*** SOURCE DATA

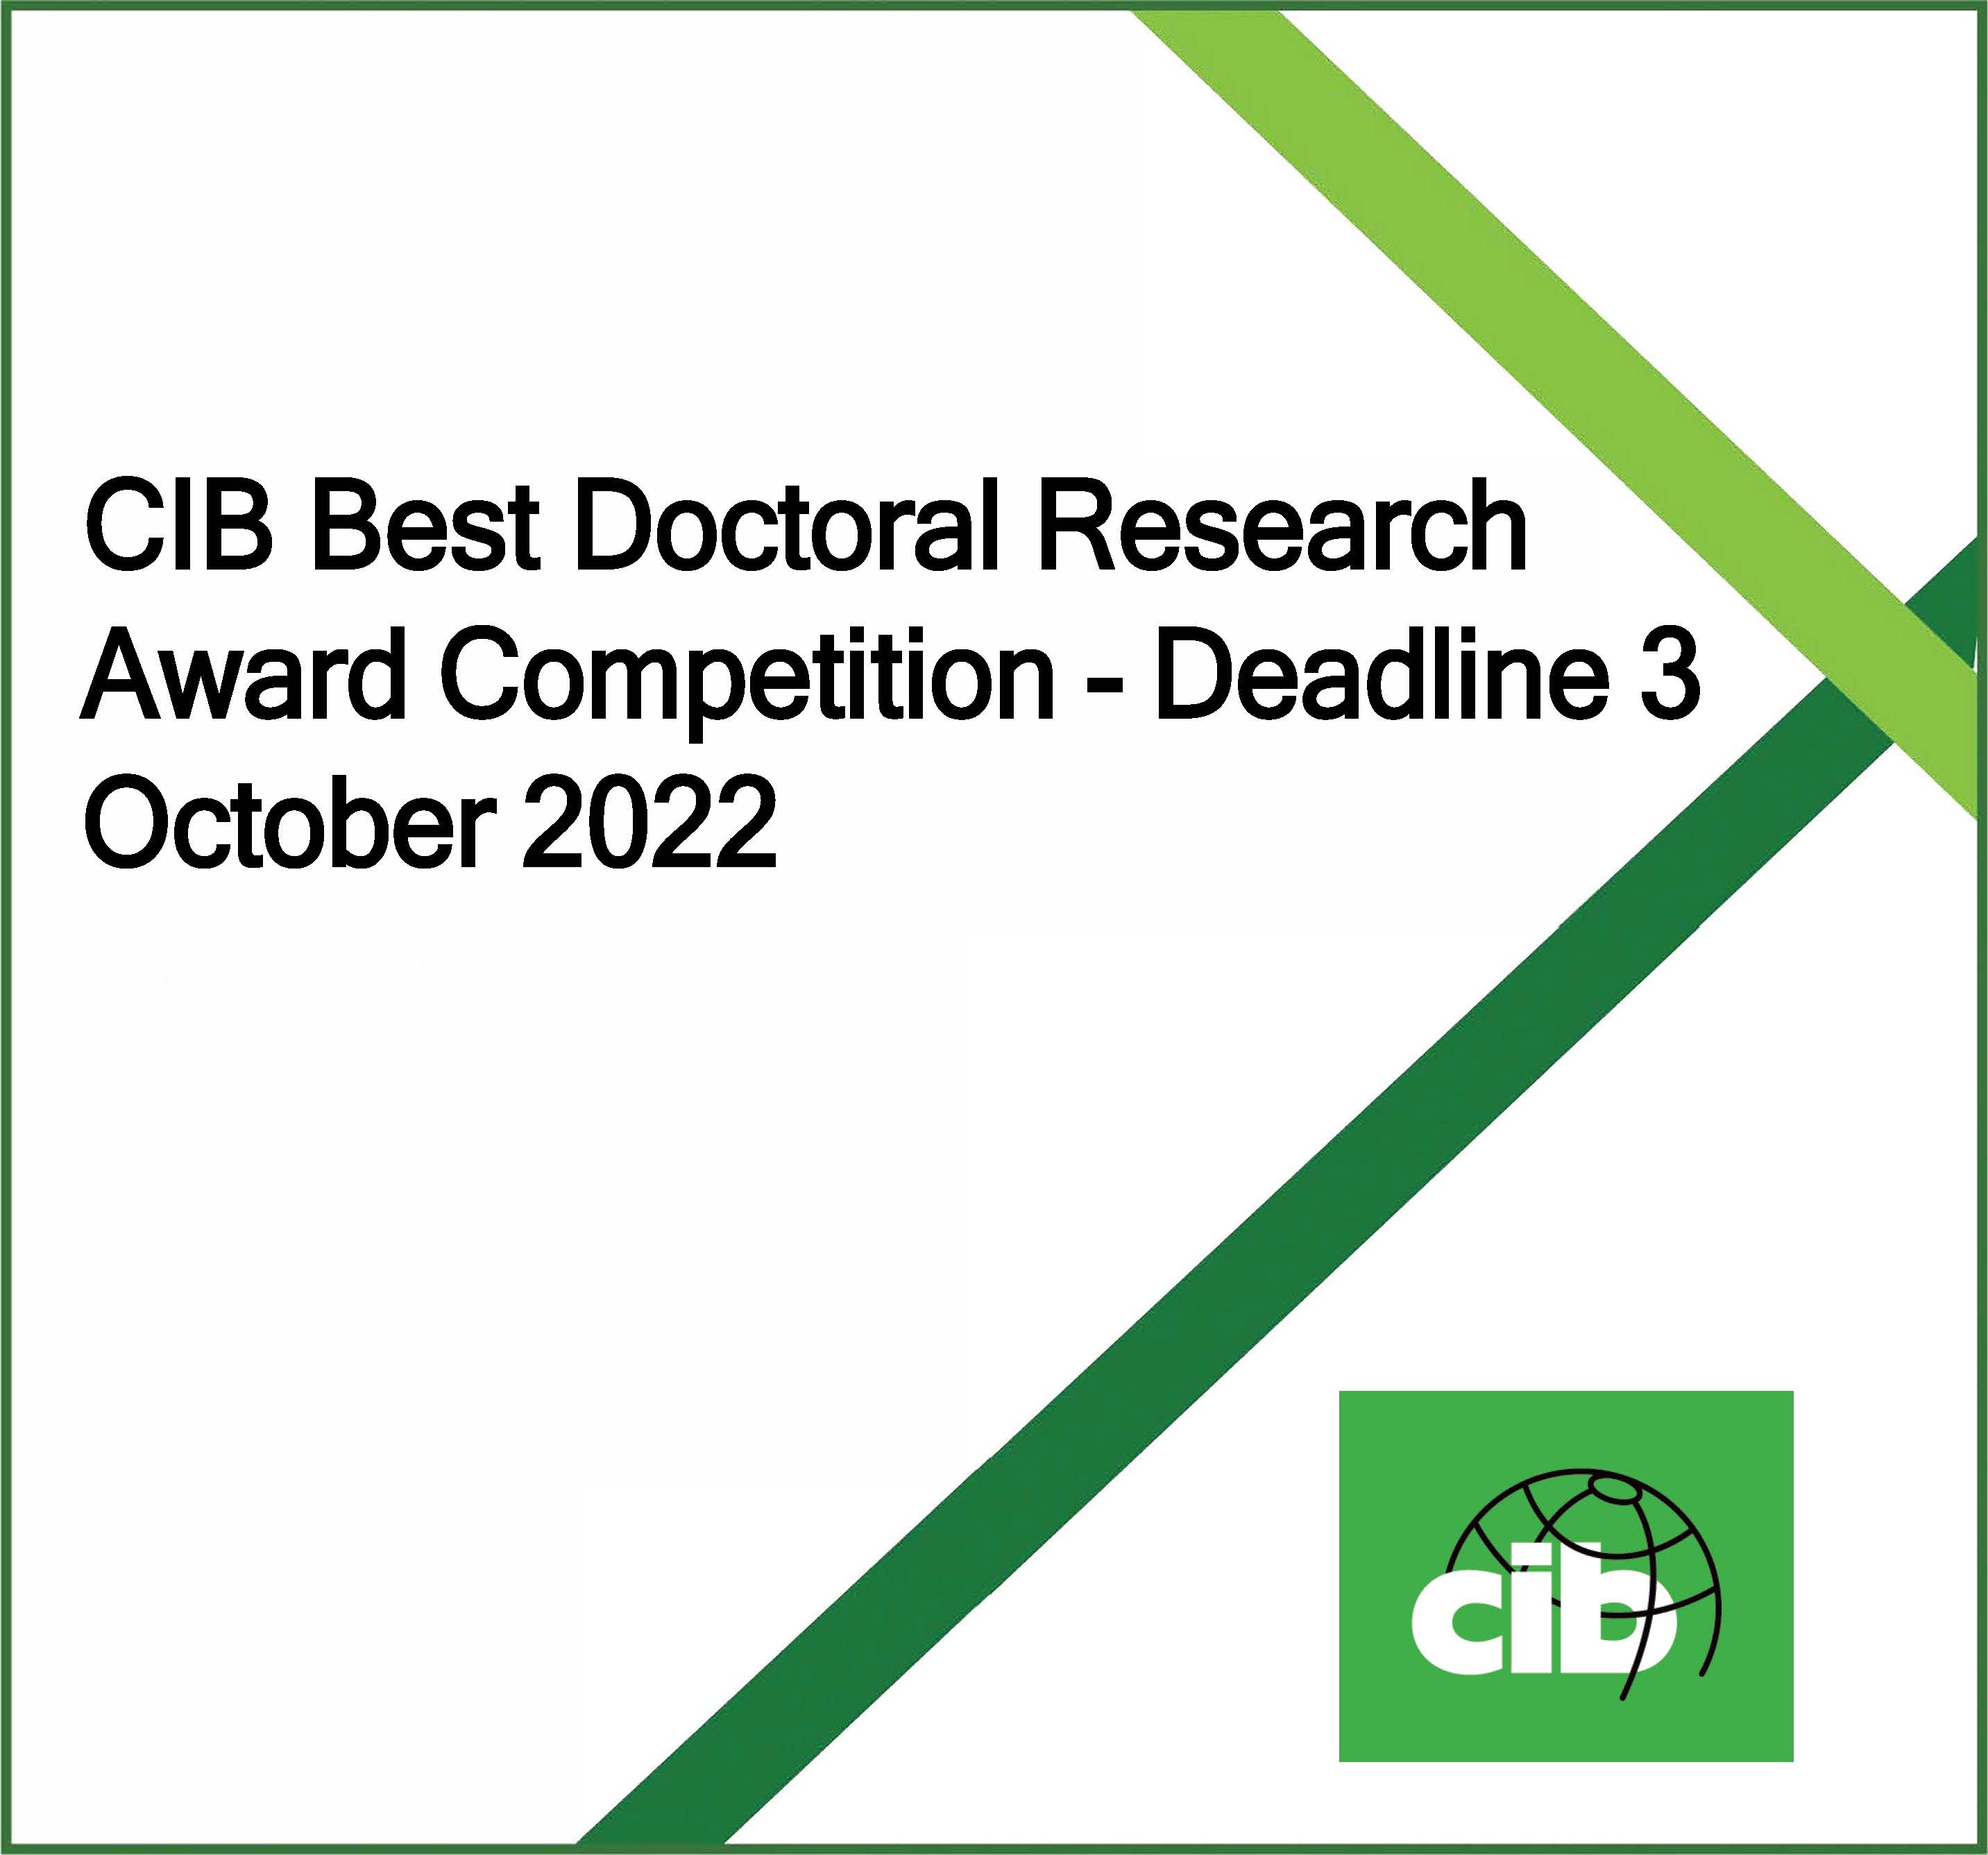 CIB Best Doctoral Research Award Competition – Deadline 3 October 2022
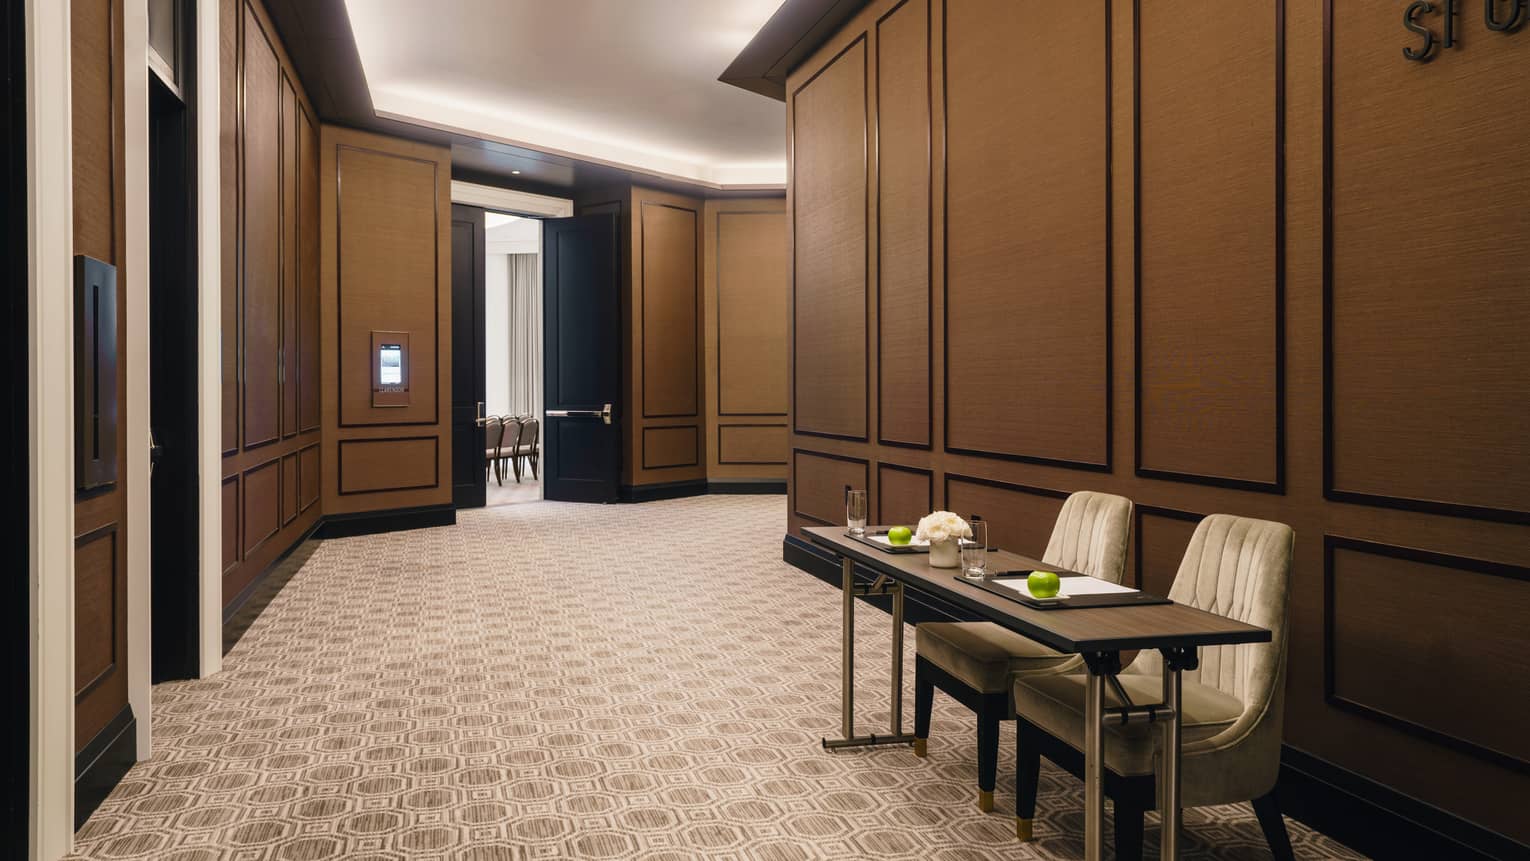 St. Germain foyer with two-person table, uplighting, tan carpet, doors leading to meeting rooms 
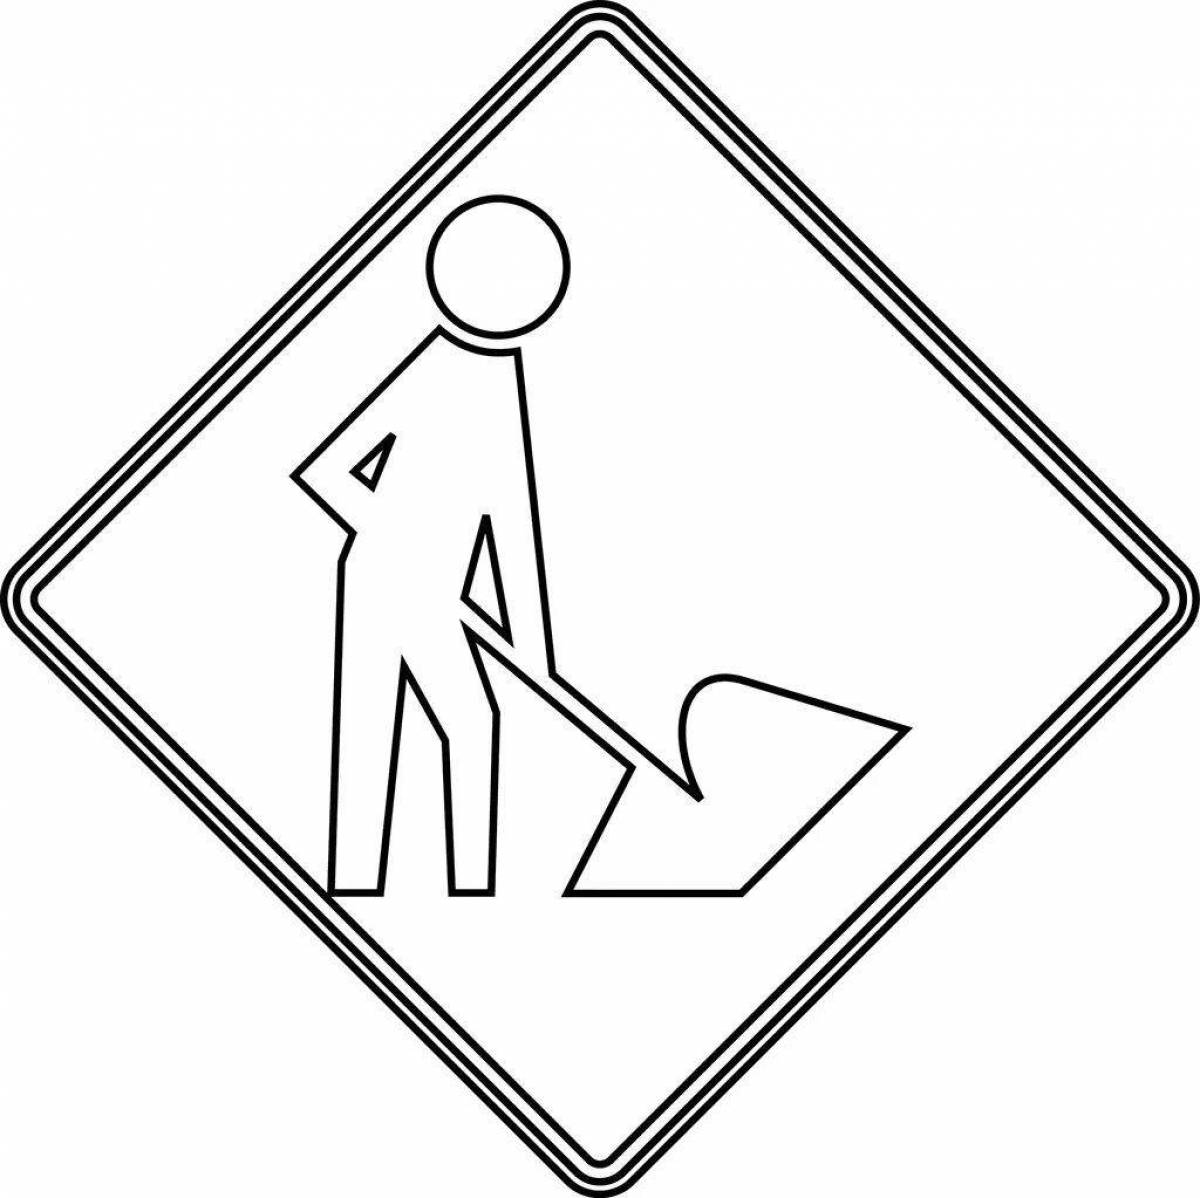 Coloring page attractive overpass sign

******

TASK — Extract the full listing exactly, with the pictures left out.

RESULT OF THE TASK —
 CIB Best Doctoral Research Award Competition – Deadline 3 October 2022
 St. Germain foyer with two-person table, uplighting, tan carpet, doors leading to meeting rooms 
 Coloring page attractive overpass sign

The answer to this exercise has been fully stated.